◆ Your goal
As you work through the listing below, copy each line exactly and drop the images.

◆ Dataset content
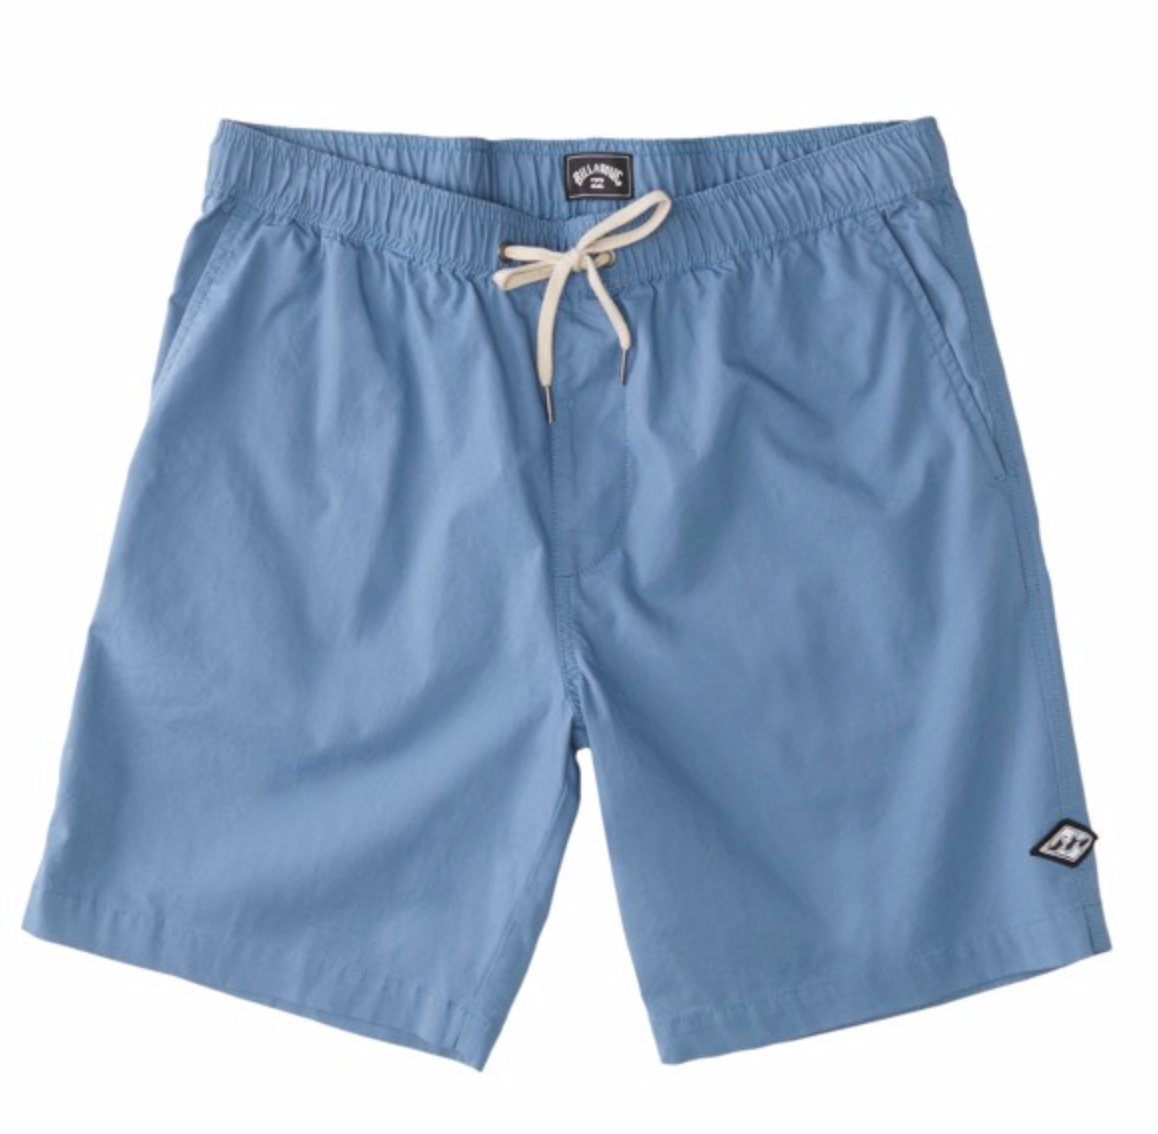 Billabong Mens Layback Solid Elasticated Shorts - Carolina Blue
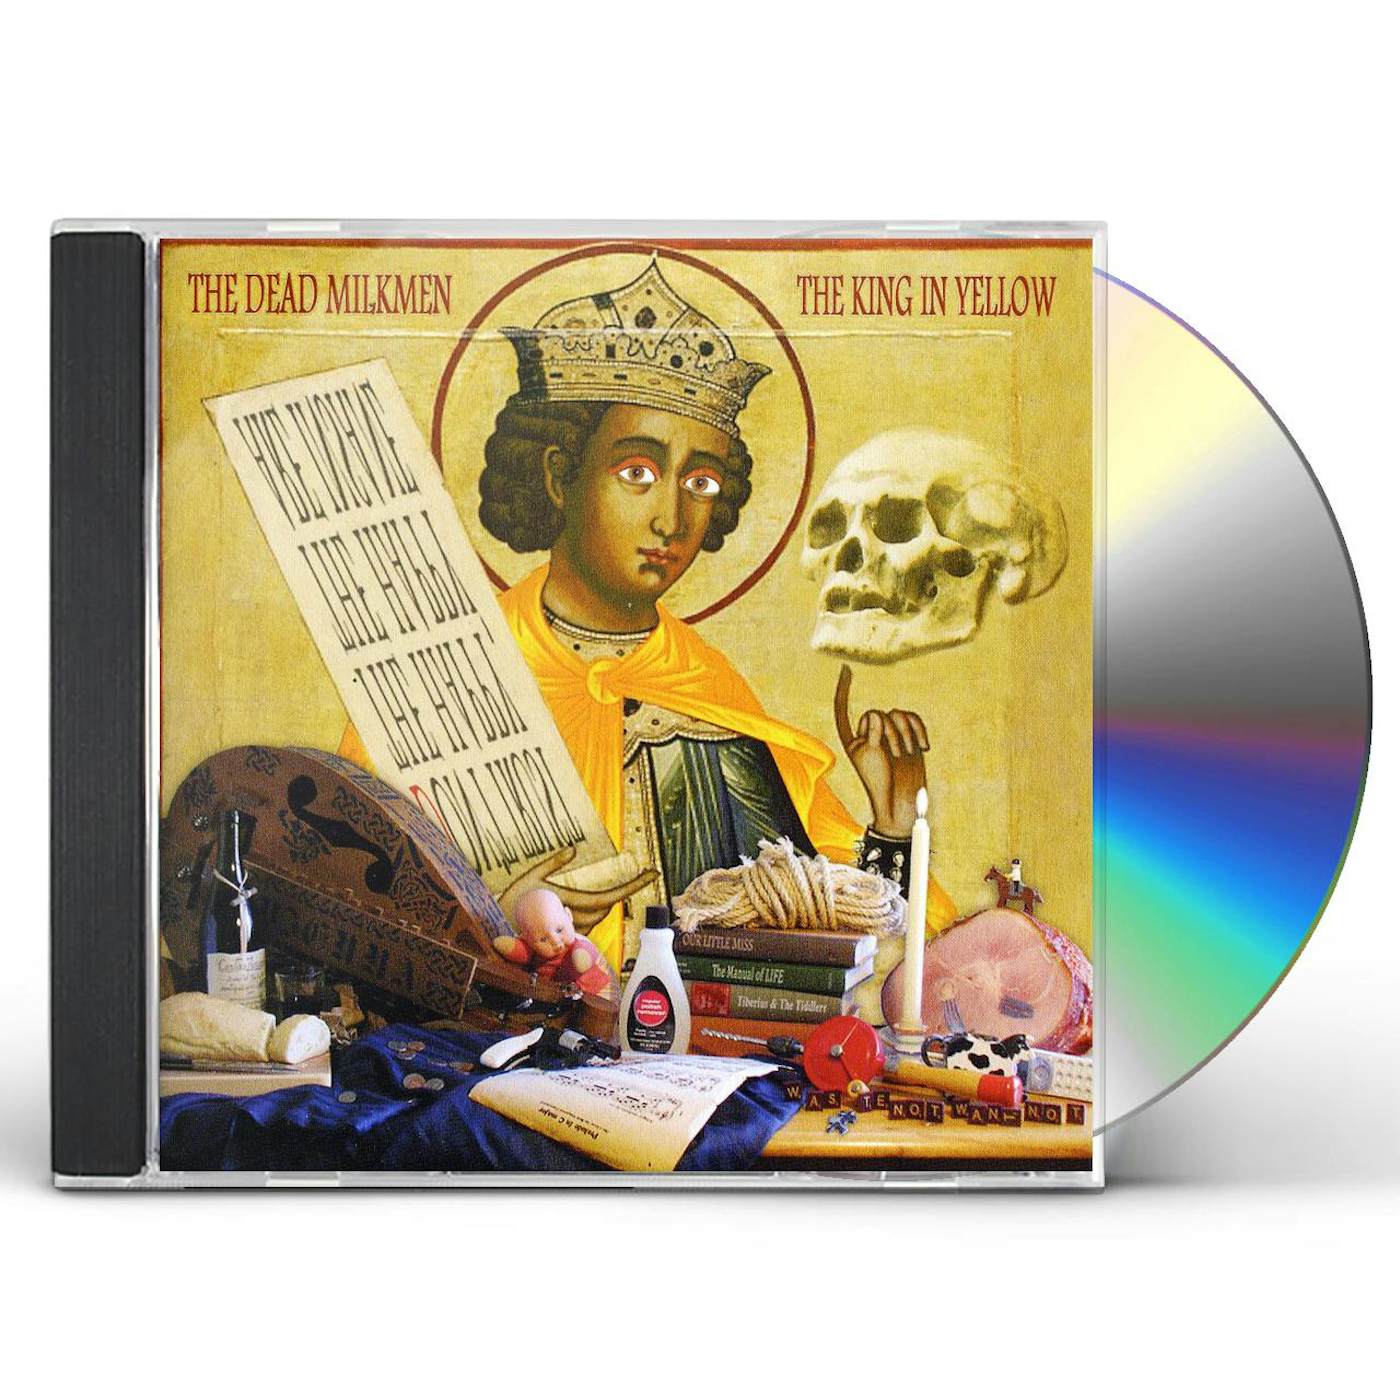 The Dead Milkmen KING IN YELLOW CD
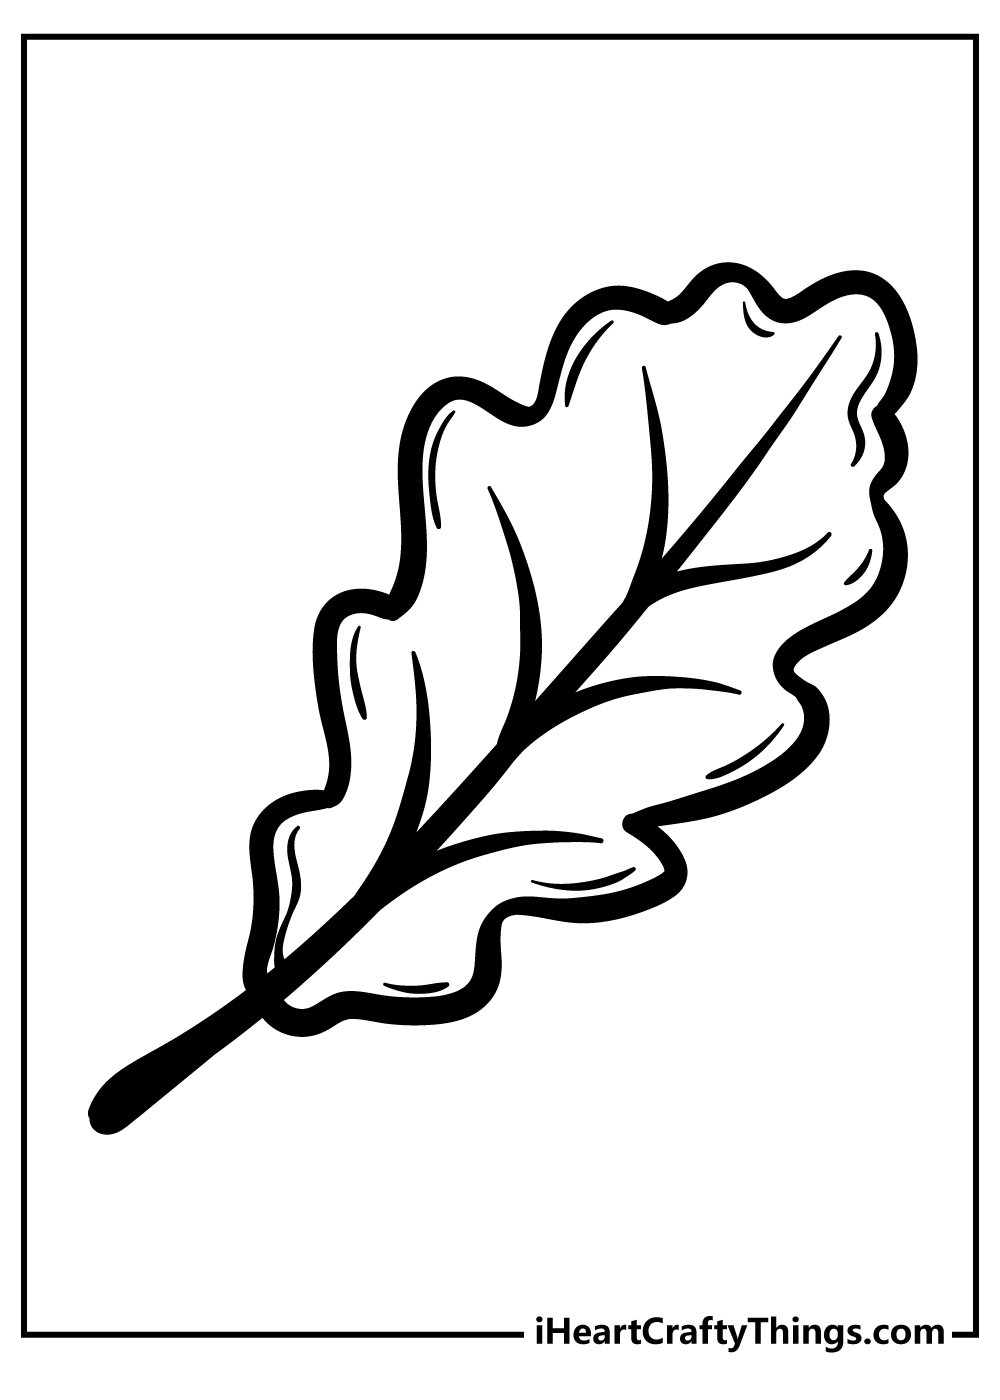 Leaf Coloring Original Sheet for children free download

◆ Answer box
 Billabong Mens Layback Solid Elasticated Shorts - Carolina Blue
 The Dead Milkmen KING IN YELLOW CD
 Leaf Coloring Original Sheet for children free download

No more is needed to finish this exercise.